Efficient Serialization for Fine-Grained Behavioral Data

In the ever-growing world of connectivity between devices, data transfer is critical. Network traffic is still a closely tracked commodity even with the growing availability of network connections that could only be dreamed of years ago. Therefore, making sure that everything going over the wire is handled efficiently is an important factor in any development project. This factor is even more crucial when dealing with high volumes of data like fine-grained behavioral data.

Baselining the Data

The first step to improving serialization is to determine a starting point. This is made simple by using the Moonsense Sample Payment App to capture the data. We have apps for Web, Android, and iOS. They make selecting which behavioral data to capture and setting a duration for the capture period very easy.

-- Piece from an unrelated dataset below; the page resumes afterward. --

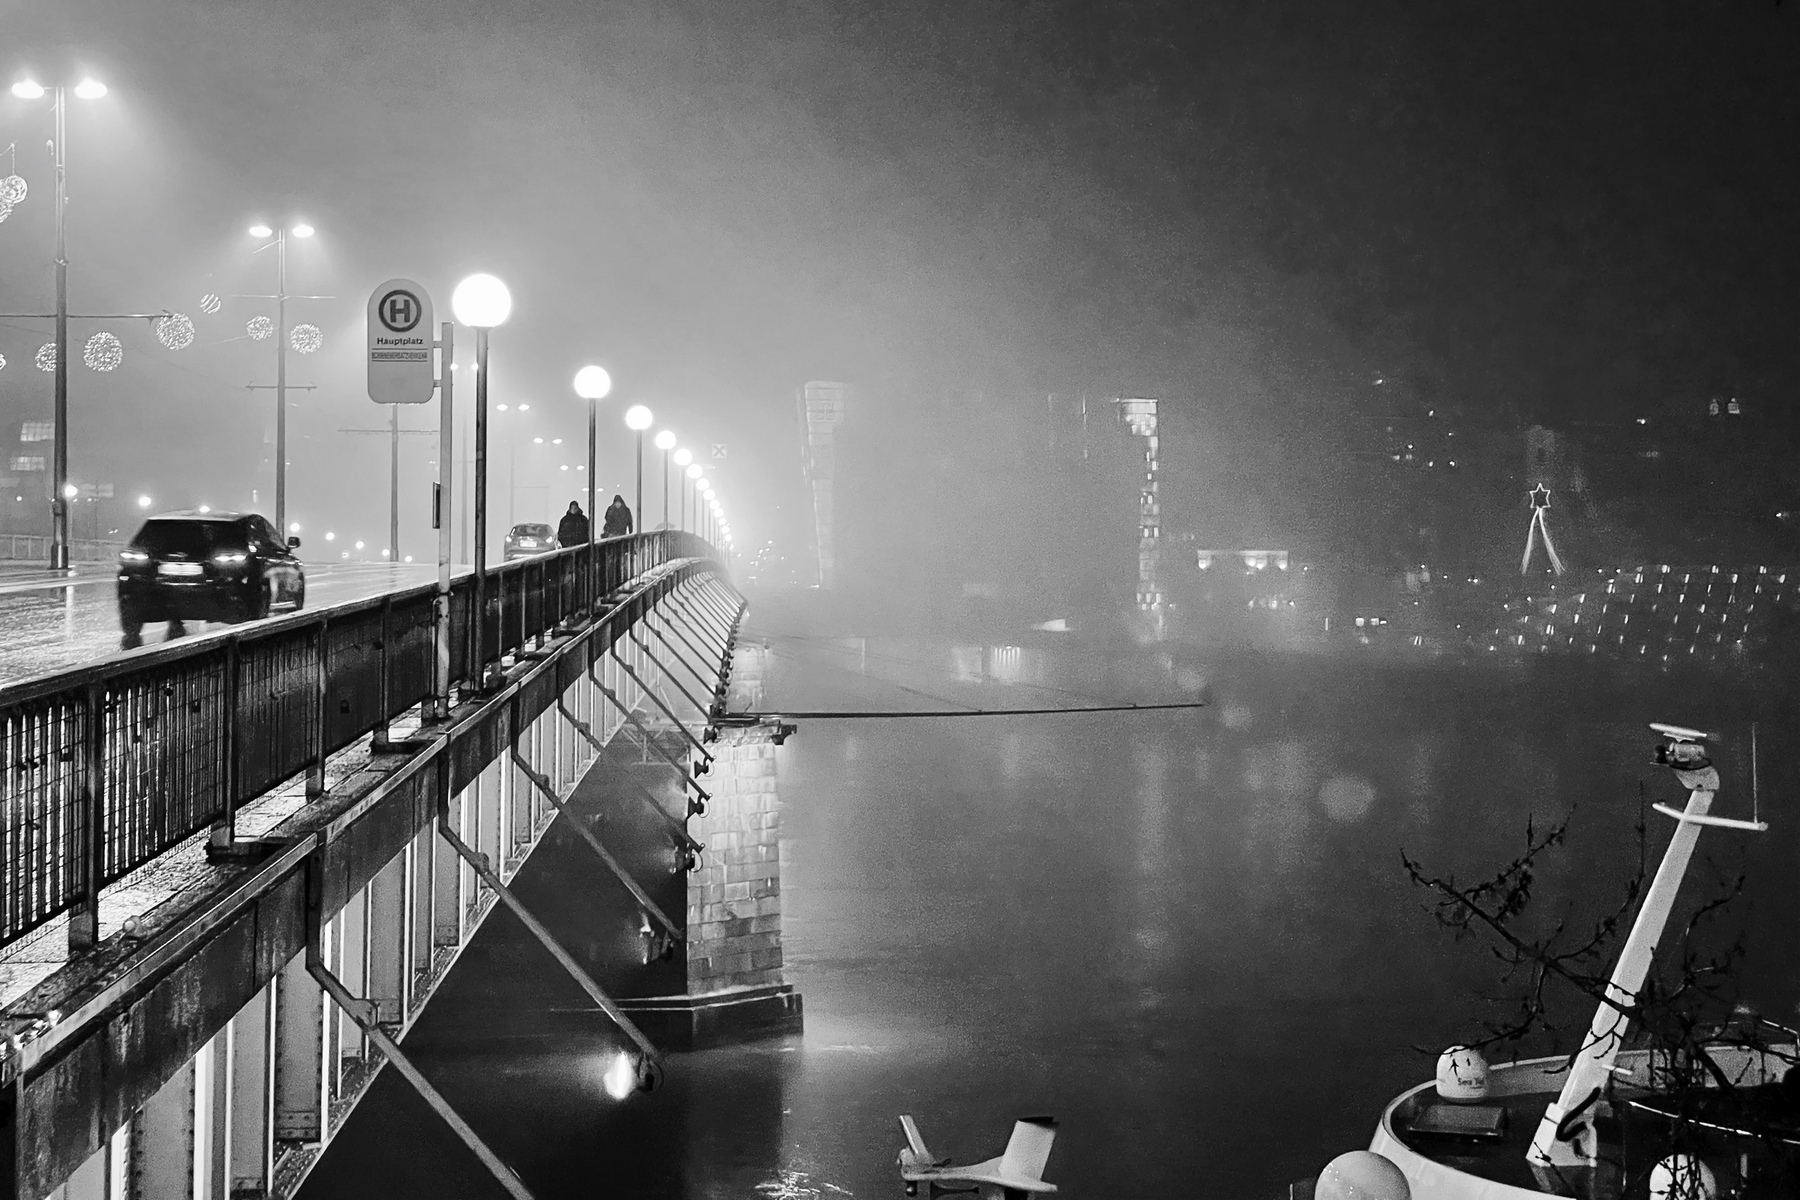 Black and white photo, a bridge with a car on it in the left side, the right shows the Danube at night and an illuminated building in the background; it is foggy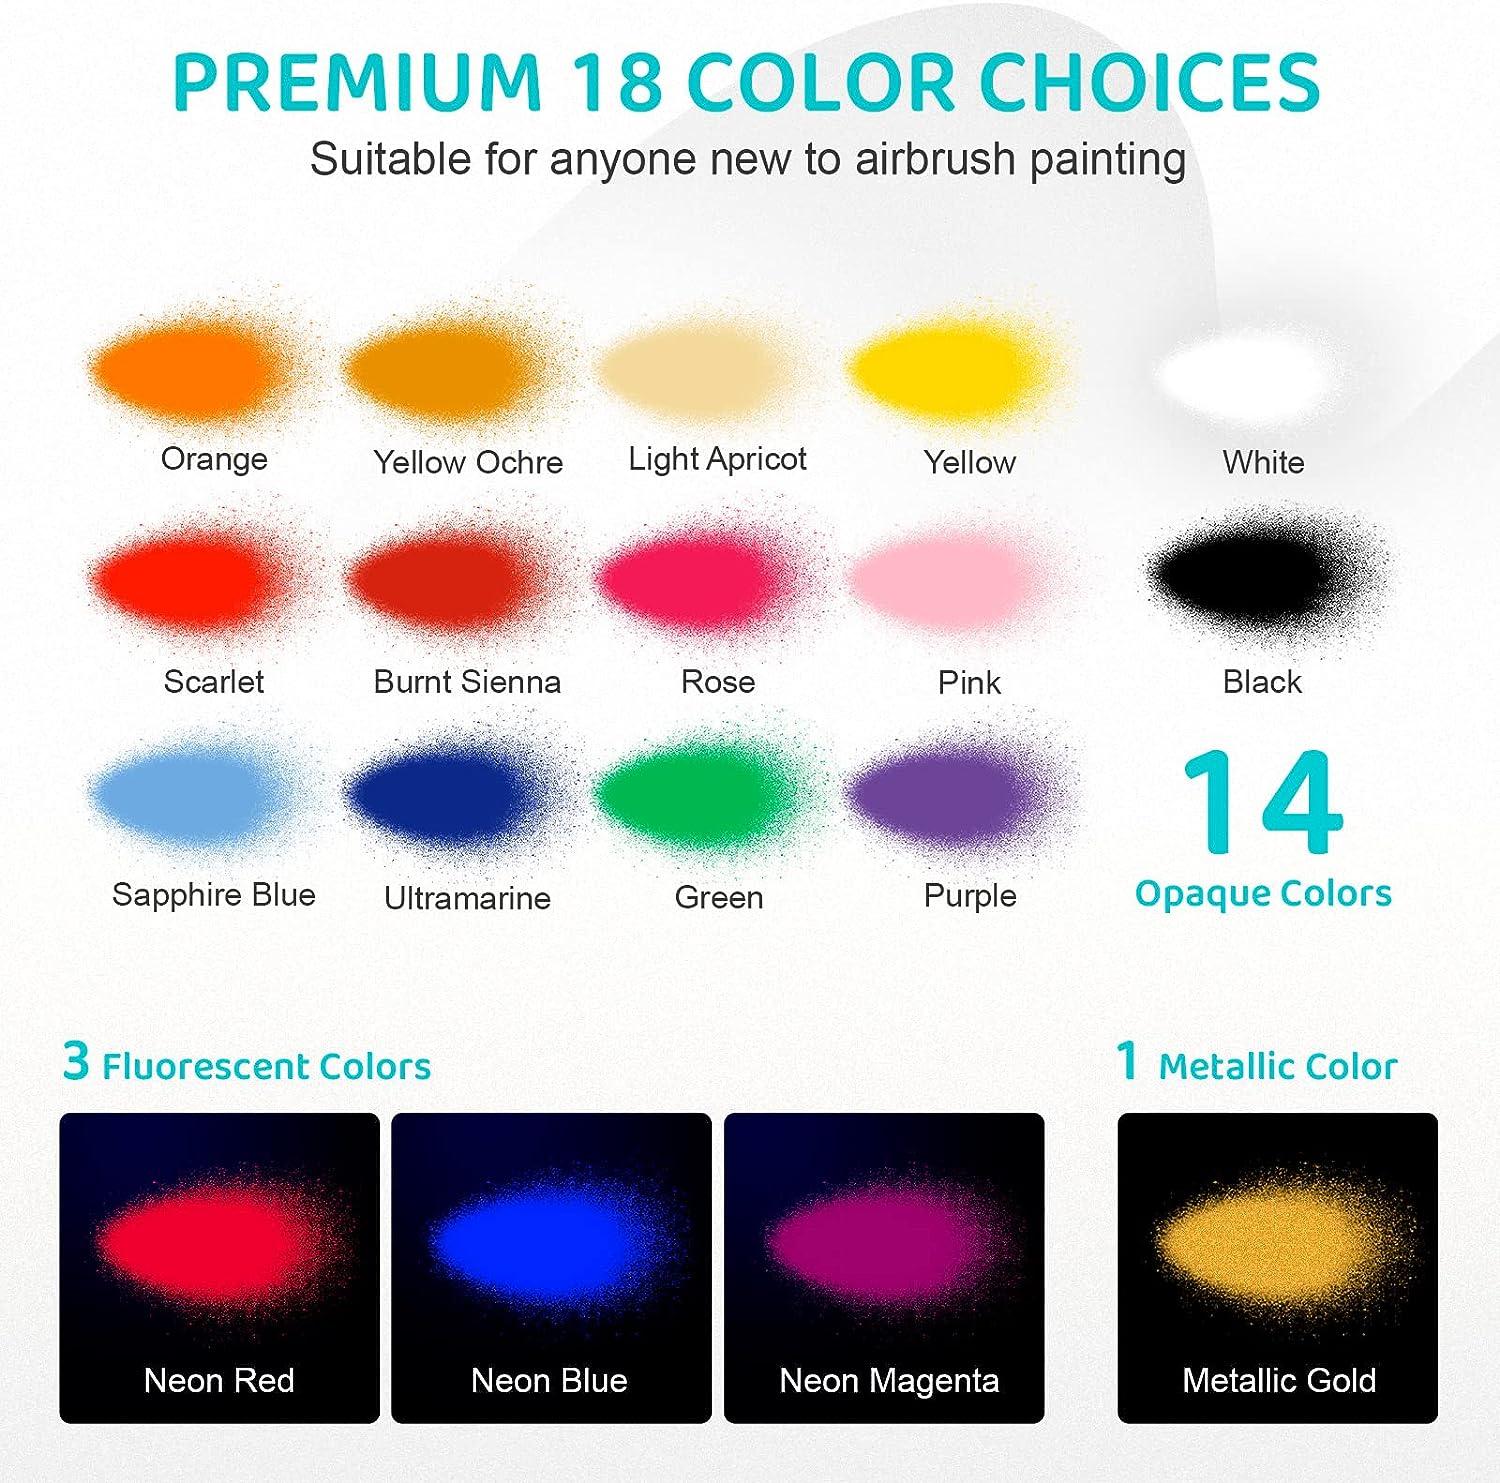 imyyds Airbrush Paint, 18 Color Acrylic Airbrush Paint Set, Water Based  Read-to-Spray Air Brush Painting Set, Airbrush Spray Paint Kit for Papers

To get a feel for how much data is being captured, the chart below shows seven sensors being monitored and the number of data points they’re reporting each second. All in all, this amounted to about 358KB of data across one minute of recording with accelerometer data capturing in a low-frequency mode.

These data points correspond to the Moonsense sensor data model. To narrow down the scope and make it easier to focus on the data, we’ll start with a particularly chatty sensor, Pointer data. Pointer data is meant to capture mouse or touch data as a mouse or finger moves across the screen. This can result in many data points being captured within a given timeframe which the Moonsense SDK will then package into a “Bundle” for delivery. An example bundle for one second of pointer capture looks like this:

JSON
{
  "pointerData": [
    {
      "determinedAt": 6353,
      "type": 4,
      "buttons": 0,
      "delta": {
        "dx": -1
      },
      "orientation": 0,
      "position": {
        "dx": 374.24249267578125,
        "dy": 573.9091796875
      },
      "pressure": 0,
      "pressureRange": {
        "lowerBound": 0,
        "upperBound": 1
      },
      "radiusMajor": 1,
      "radiusMinor": 1,
      "size": 1,
      "viewportBoundaryStatus": 2
    },
    {
      "determinedAt": 6361.600000023842,
      "type": 4,
      "buttons": 0,
      "delta": {
        "dx": -1,
        "dy": 1
      },
      "orientation": 0,
      "position": {
        "dx": 373.8934631347656,
        "dy": 574.5199584960938
      },
      "pressure": 0,
      "pressureRange": {
        "lowerBound": 0,
        "upperBound": 1
      },
      "radiusMajor": 1,
      "radiusMinor": 1,
      "size": 1,
      "viewportBoundaryStatus": 2
    }
… 84 more data points
  ]
}

The resulting JSON when packaged and sent totals around 53KB. This isn’t horrible as far as modern bandwidth speeds are concerned but it’s important to keep in mind that this only accounts for a single sensor of the many the Moonsense SDK is capable of capturing. Sensors such as the accelerometer or gyroscope can also generate substantial amounts of data.

Steps To Improvement

The first step to improving this request could simply be to gzip the request. This requires some additional effort on the client-side to support gzip and may require extra effort on the backend to support it, but gzip is a common method of decreasing network traffic.

Taking the request from above at its 53KB benchmark then gzipping it manages to drop our request size down to about 3KB. A 94% improvement! Very impressive.

But why stop there? Can it be made even better?

Enter Protocol Buffers

Protocol Buffers are a Google creation to simplify the serialization of data across multiple platforms and make the transfer of serialized data even smaller. Protocol Buffers work by creating a message structure in the .proto format then compiling it to the languages of your choice. This allows for a common message structure to be shared between your frontend written in Javascript and backend written in something like Go, Java, or C#. The compiled messages can then be used as standard classes within the language of your choice.

At Moonsense, we compile our protocol buffers into Javascript using protobufjs for use in our Web SDK, using Apple’s swift-protobuf for our iOS SDK, using Square’s wire-compiler for our Android SDK, and using the standard protoc compiler for our Python-SDK. We even use a generator for our SDK data model documentation to ensure it always stays up to date.

It requires some extra effort to define the messages but it also ensures continuity between all our platforms. By managing the structure this way it is easy to ensure that all our SDKs are serializing data the same way.

Now, how about the request size?

When sending the same request as above that was 53KB uncompressed and 3KB compressed using protocol buffers, the request measures in at 10KB uncompressed and 2KB compressed. That means an 81% improvement for uncompressed data and a 33% improvement for compressed data.

In Summation

Overall, protocol buffers can offer very significant savings in terms of network traffic, thereby, improving round trip time on network requests and leading to cost savings on ingress and egress traffic. They also bake in a standard way of handling serialization and ensure a common format for objects across the organization which can greatly improve the time it takes to handle data between portions of your infrastructure written in different languages.

Adding in protocol buffers does come with some overhead for your project in terms of application size. Application size is especially important when dealing with web or SDKs, so you will want to make sure you are monitoring how big your application is. We go into more detail on how Moonsense does that in our article Keeping SDK Size in Check.